By Richard Thomas
Jim Murray has been causing quite a stir lately, first by announcing that bourbon has been beating out scotch lately. Then he gave Glen Orchy 5 Year Old, a generic brand available through the Lidl supermarket chain an 88.5 rating, higher than many basic, mass market blended scotches in The Whisky Bible 2014.
Glen Orchy 5 Year Old is a product of the very Scottish-sounding Clydesdale Scotch Whisky Co., which supplies Lidl with many of its scotches, and is owned by Whyte and Mackay. The scotch is a vatted malt, a surprising feature for a generic supermarket brand and probably why Murray liked it so much, and is bottled at 40% abv. Glen Orchy itself is a real place in southwestern Scotland.

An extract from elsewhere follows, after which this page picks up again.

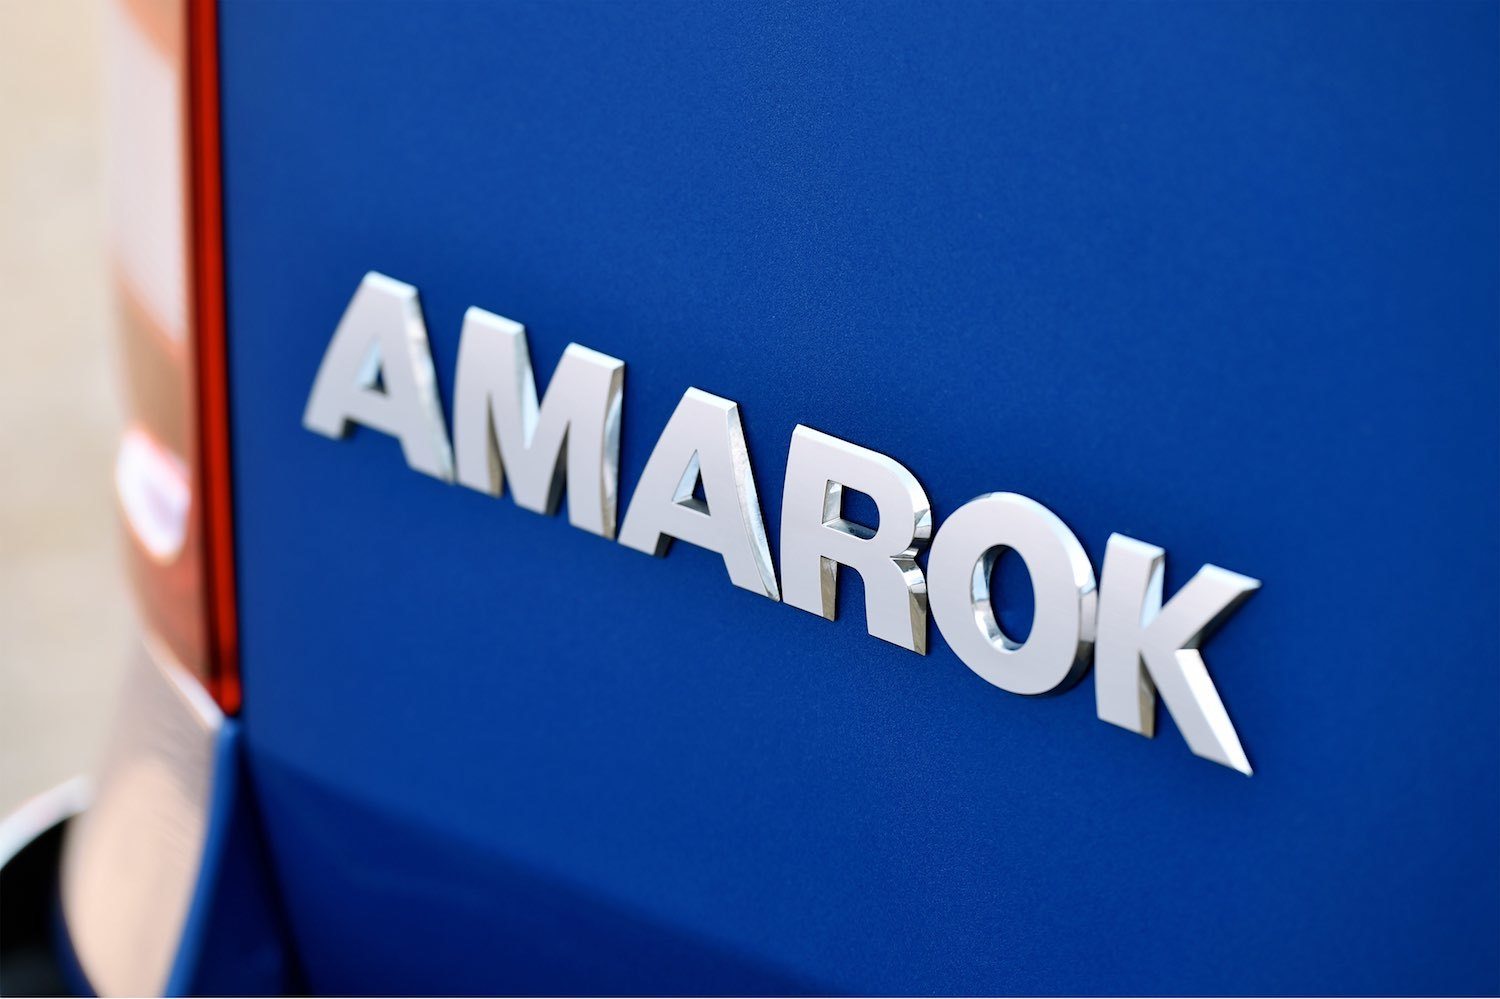 Neil Lyndon reviews the latest Volkswagen Amarok 14

The color of Glen Orchy is a rich gold, leaning a little into coppery. The appearance is dark enough and the whiskey within young enough that I was left wondering if caramel wasn’t an additive, and checking the label I found it was.
The nose is malty and a little sweetly so, with notes of grass and brine, and just a touch of toffee. The taste runs from there, offering malt and toffee, and a tinge of dry astringency. The finish is very mild.
Glen Orchy is nice, simple stuff, and certainly a cut above most mass market blends. As to whether it deserves its laurels, recall that the 100-point system used by critics like Jim Murray is sometimes misleading, since products with a score of 86 or 87 are often merely average. To an American, seeing a score of 88.5 suggests a B+, and that is certainly not the grade Glen Orchy deserves. Even so, it is a step above the typical mass market blended scotch.
Where Glen Orchy has it’s real “wow” power is in its price tag: €7.99 ($10 or $11). How often does one see a vatted malt, even a young one, at such a price? Furthermore, Glen Orchy is priced well below comparable brand name blended scotches. Simply put, this is slightly above average whiskey going for rotgut prices.